Moving each instrument, while holding the other 2 fixed, traces out a trade-off curve between the moral hazard problem and helping reduce inequality. Trace out all the possible trade-offs for each of the 3 instruments holding the other 2 instruments fixed at all possible combinations. Then draw the envelope of all those trade-off curves, to get the optimal trade-off curve.

We want to be somewhere on that optimal envelope trade-off curve. And the argument of the economists you cite boils down to saying that we are currently off that envelope, and that shortening the number of weeks before eligible moves us even further away from that envelope. By increasing the number of weeks before eligible, and loosening one or both of the other instruments, we could reduce moral hazard and improve insurance at the same time? (or improve one without worsening the other).

Or, there's a fourth instrument, GST credit or Working Income Tax benefit, which would work even better to get us to an even wider envelope.

I'd think more highly of the moral hazard point if the insured had some choice in the matter. And in fact, we used to have a system where you could get EI (UI, then) benefits if you quit, and although it was different, the country didn't exactly fall over. The main (political) problem is that it cost more.

What we have now is a system that imposes an extremely high transaction cost on people moving to jobs that might be a better fit, even to the point of improving the GDP. And that is something both the Prime Minister and the leader of the Opposition should also be encouraging.

Instead, people hang on for dear life to jobs they don't like, even when they think there is a good chance they could be doing better elsewhere. Moreover, since the cap on insurability is lower than many wages (~39,000) and the limit on payouts (even when you do get coverage) is so low (~55%), you will *still* suffer notable negative consequences.

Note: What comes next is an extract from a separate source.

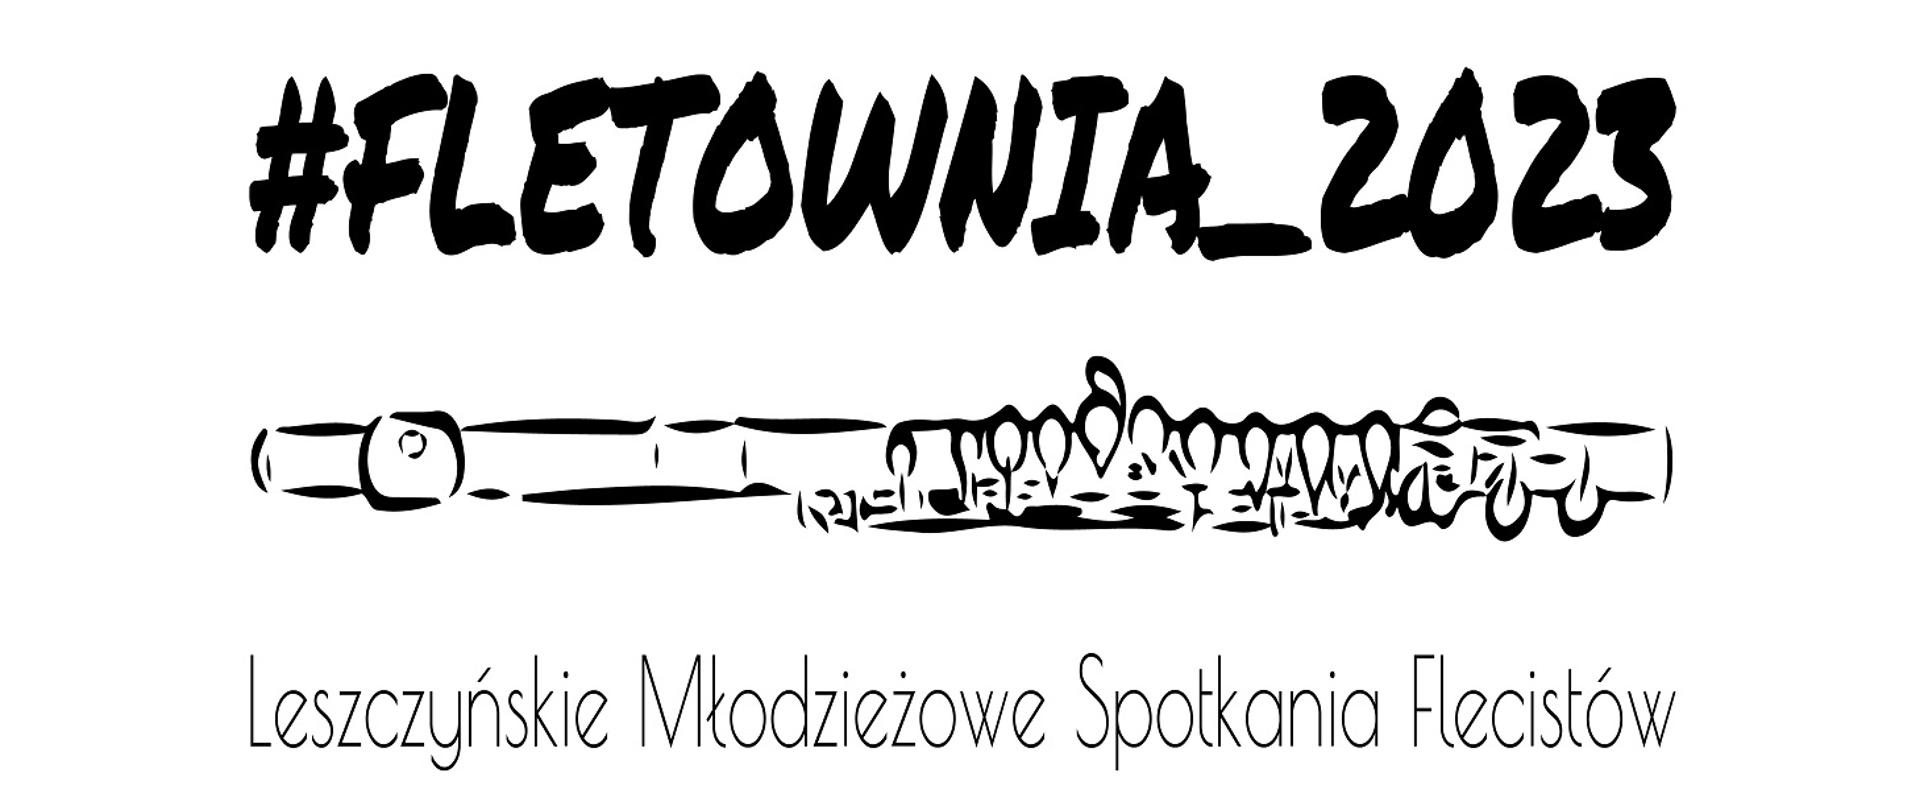 Fletownia 2023 Leszczyńskie Młodzieżowe Spotkania Flecistów z rysunkiem fletu
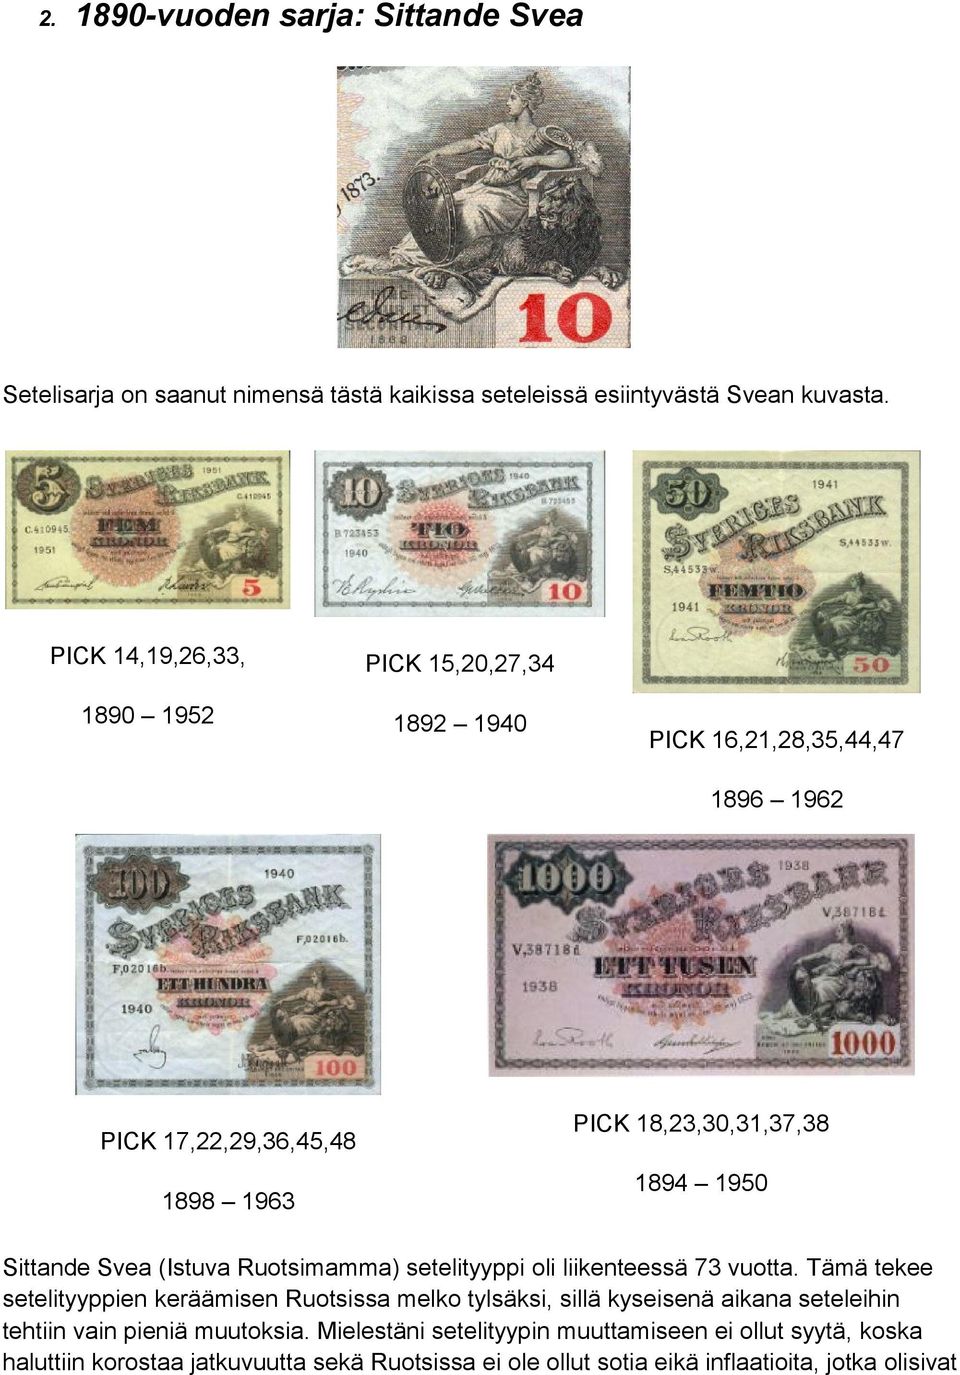 Sittande Svea (Istuva Ruotsimamma) setelityyppi oli liikenteessä 73 vuotta.

We can suggest a better system might allow people to choose whether or not to use EI, but of course that would muck up a major stream of payments to whatever government is currently in power. And, of course, we can see problems looming there - people with the lowest of assets and wages ending up with no insurance because they decided that food and shelter were more important than paying premiums.

If you're going to enter into this debate, I think you need to be prepared to defend your suggestions on two other bases; one, the political acceptability to at least one major party, and, two, be prepared to discuss significant interactions with other aspects of our existence, economic and otherwise.

I don't think it's sufficient to intelligently criticize the government's actions. You need to be able to discuss palatable alternatives. And in that sense, lowering the elegibility works. It is relatively low cost (compared to extending benefits, or raising the wage-related rate) and it is seen as being a strong net benefit to people when they think of the consequences of losing their job. Moreover, it's one change that can be implemented quickly; there's a low transaction cost to the government to the change itself - both monetary and political - compared to many other possible changes.

Your other suggestions (the GST credit and the Working Income Tax Benefit) both end up typically coming at the end of a tax cycle - in other words, if the government made the change tomorrow, and someone is out of work the next day, it will likely be 10 months (next April) before they see any money related to those changes (or related to those programs at all). Although they might make lots of sense in a somewhat abstract policy sense, they aren't going to work if there is no political will, or if the individual's net year-by-year benefit corresponds to a month-by-month problem.

Neil and Chris: if there really were no moral hazard problem with shortening the number of weeks before eligibility, then how do you explain the spike in weeks worked that exactly matches the number of weeks before eligibility? Is it just a fluke? And a double fluke, if, as in the paper cited by Stephen in his first linked post, that spike just happens to move exactly the same number of weeks as an exogenous change in the number of weeks before eligibility?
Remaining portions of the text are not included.